_Assignment_: What you return should match the data below exactly, with no pictures in it.

>>>>

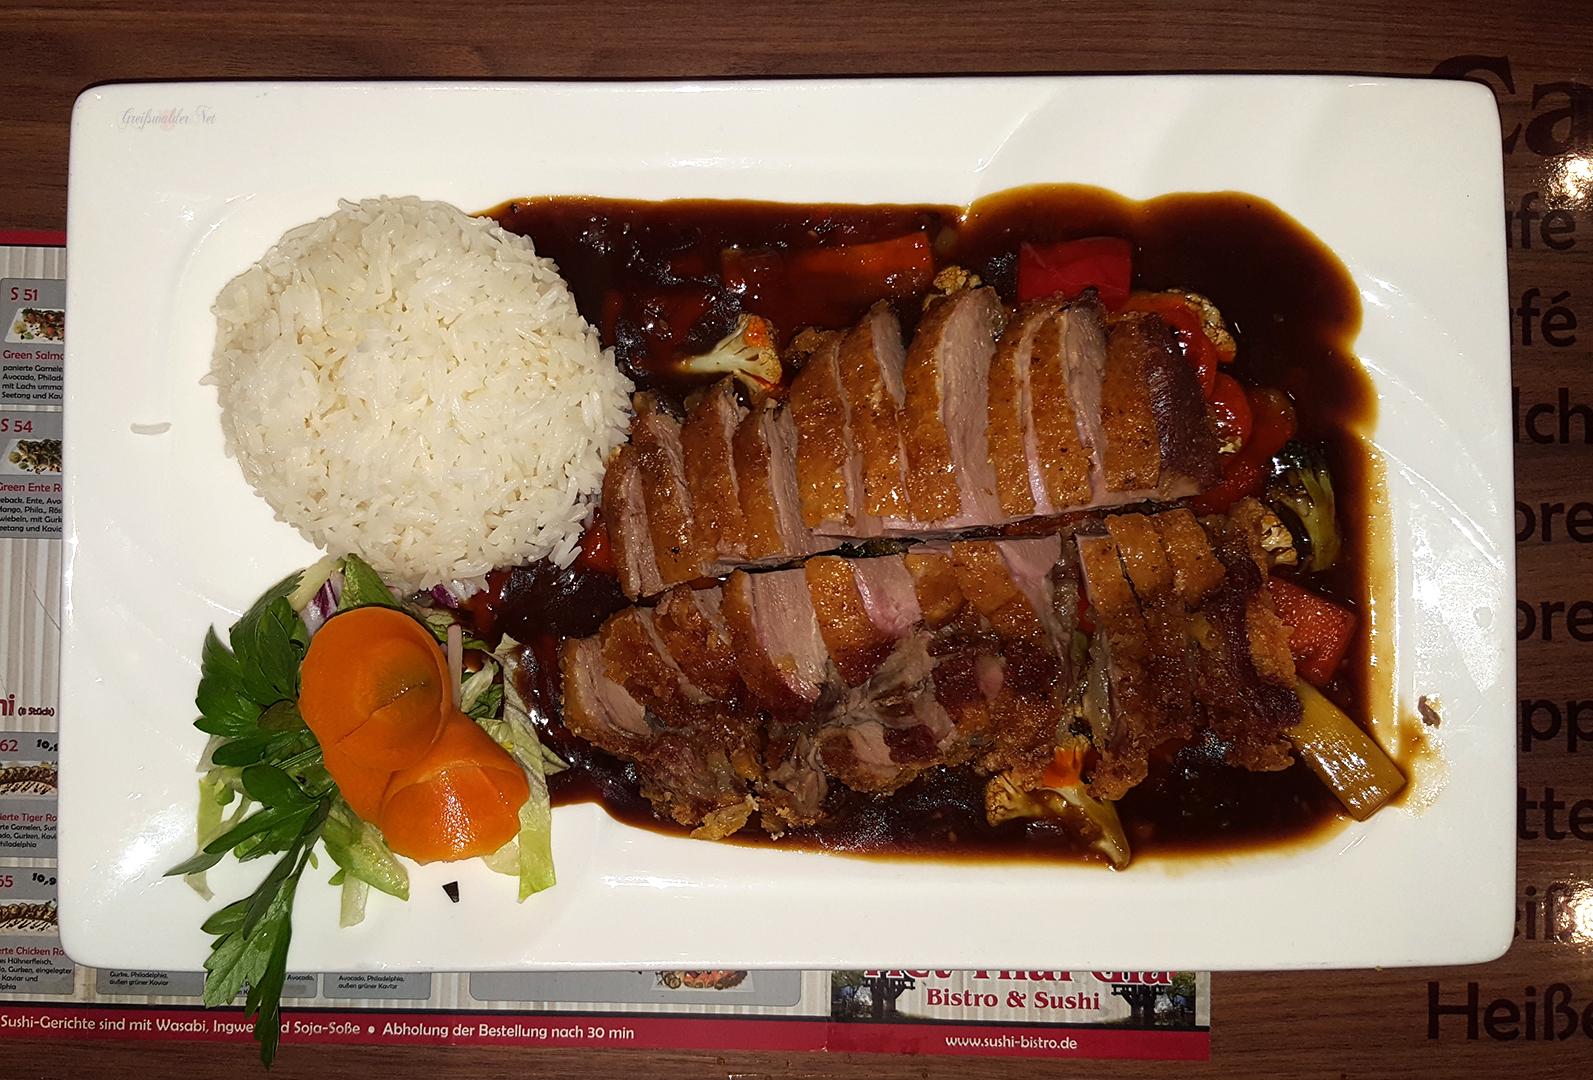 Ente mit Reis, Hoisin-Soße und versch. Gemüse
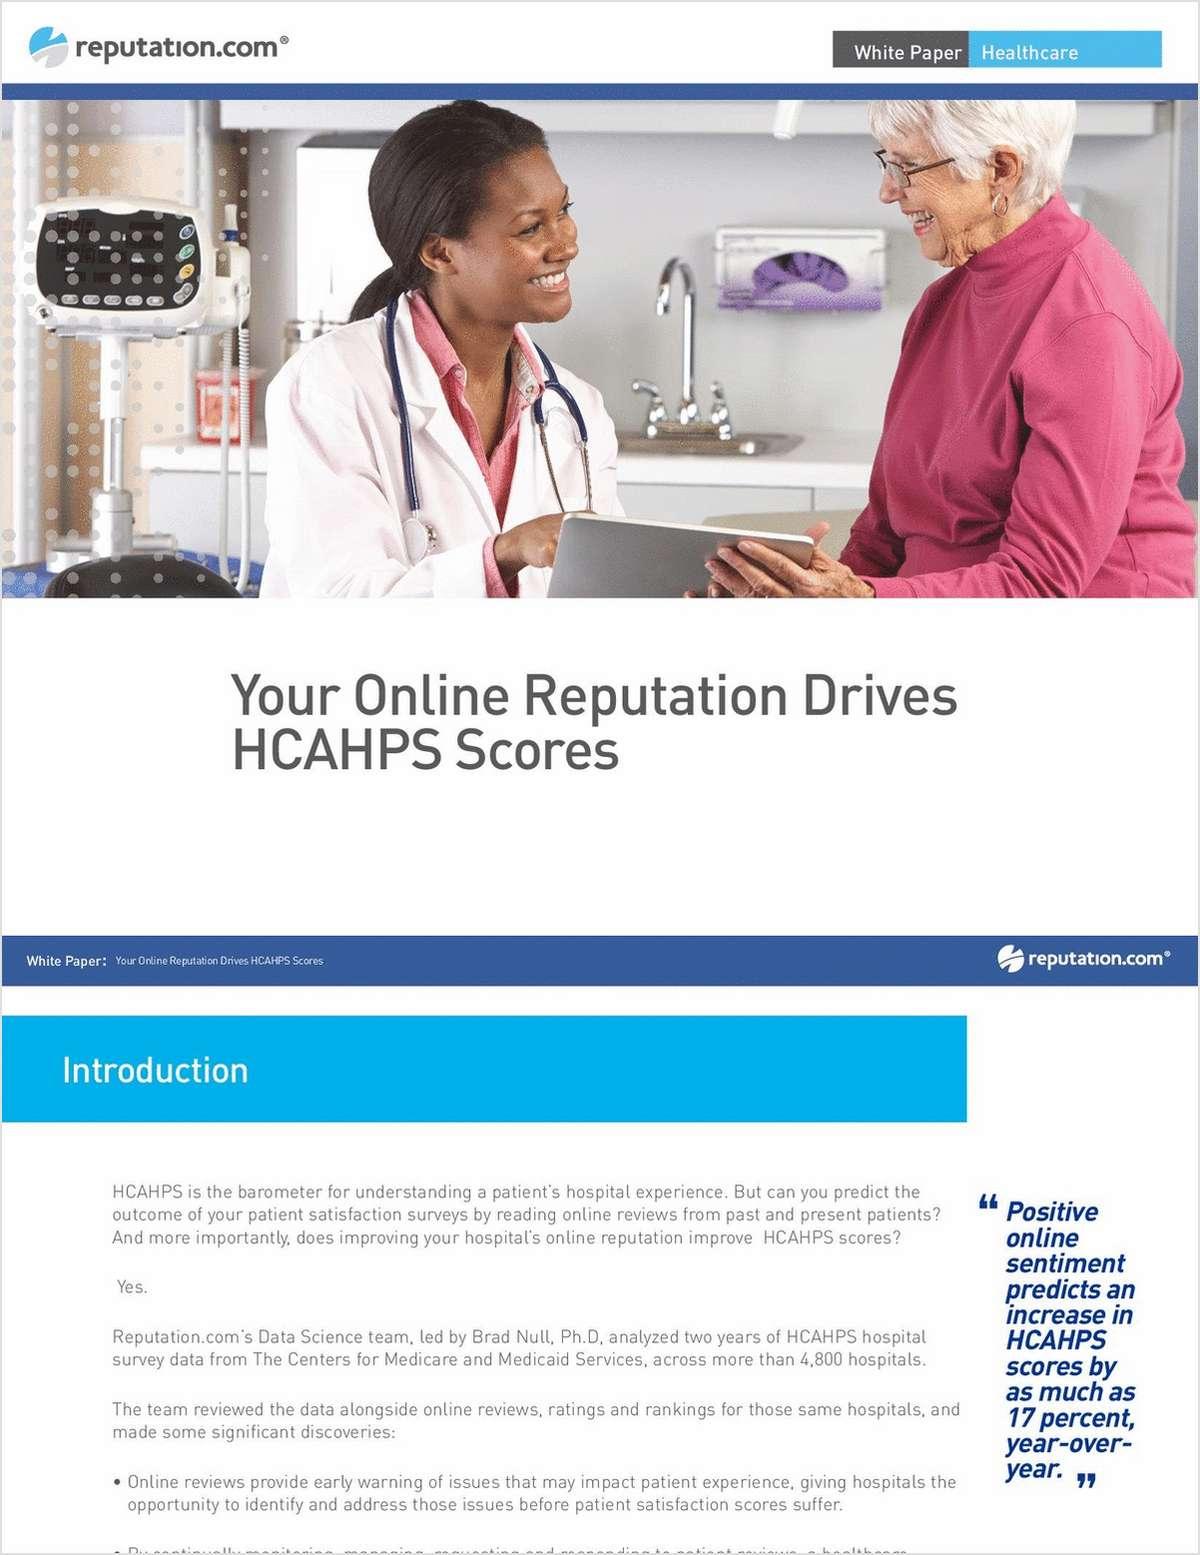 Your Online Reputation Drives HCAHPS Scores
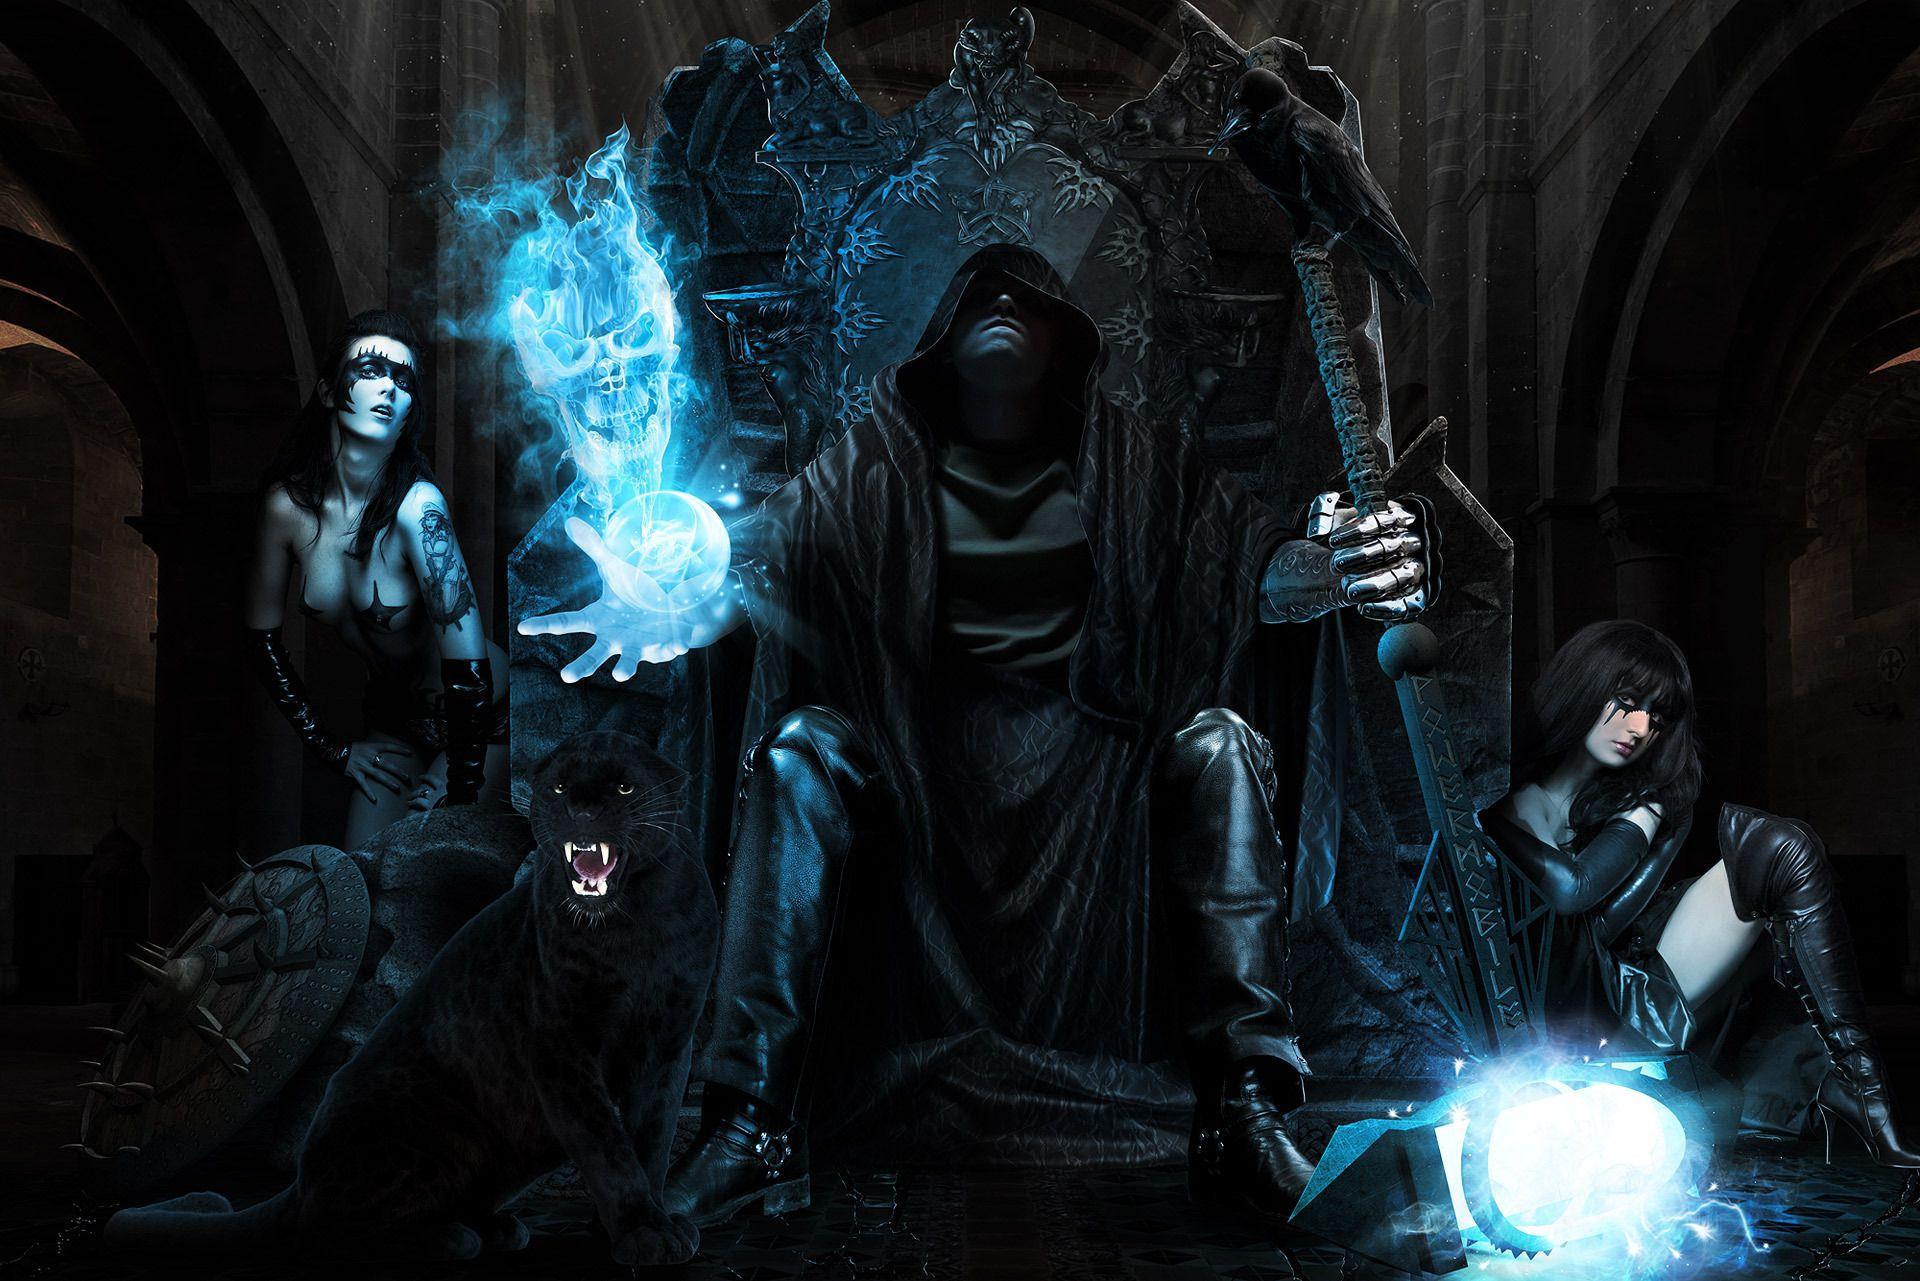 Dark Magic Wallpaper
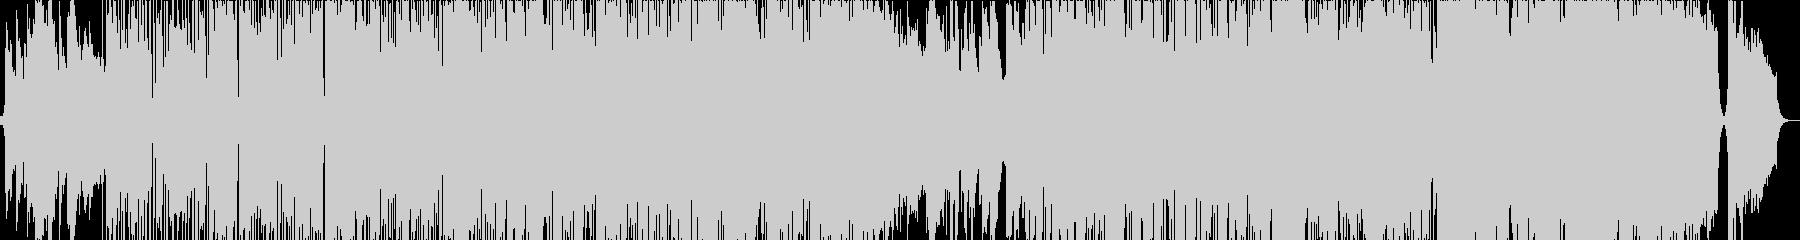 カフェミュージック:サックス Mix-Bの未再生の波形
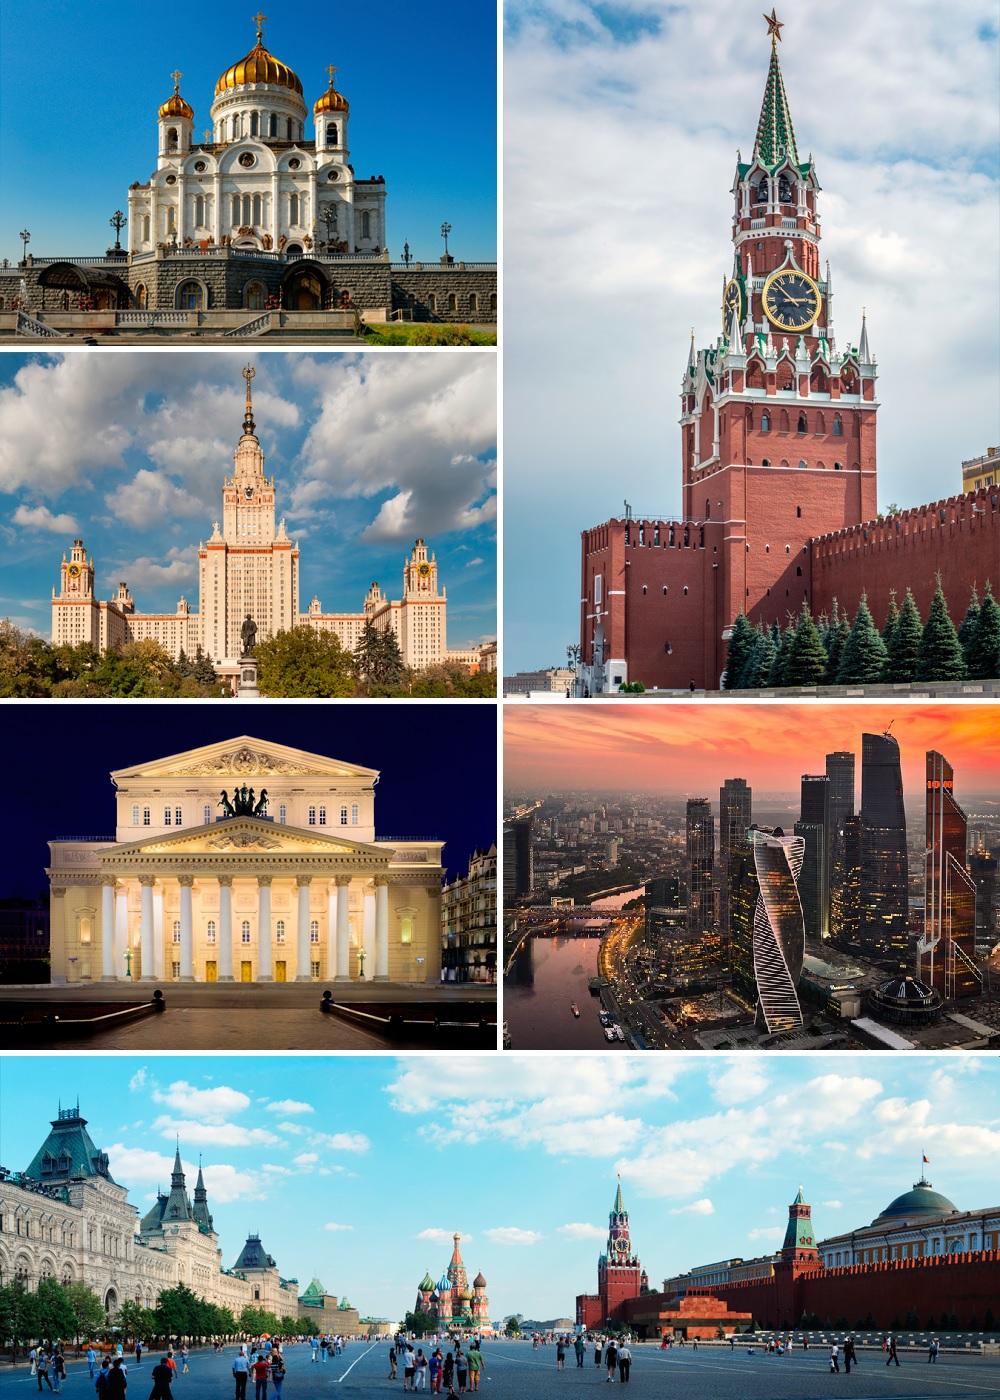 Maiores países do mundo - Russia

<<<<

_Result below_:
 Ente mit Reis, Hoisin-Soße und versch. Gemüse
 Your Online Reputation Drives HCAHPS Scores
 Dark Magic Wallpaper
 カフェミュージック:サックス Mix-Bの未再生の波形
 Maiores países do mundo - Russia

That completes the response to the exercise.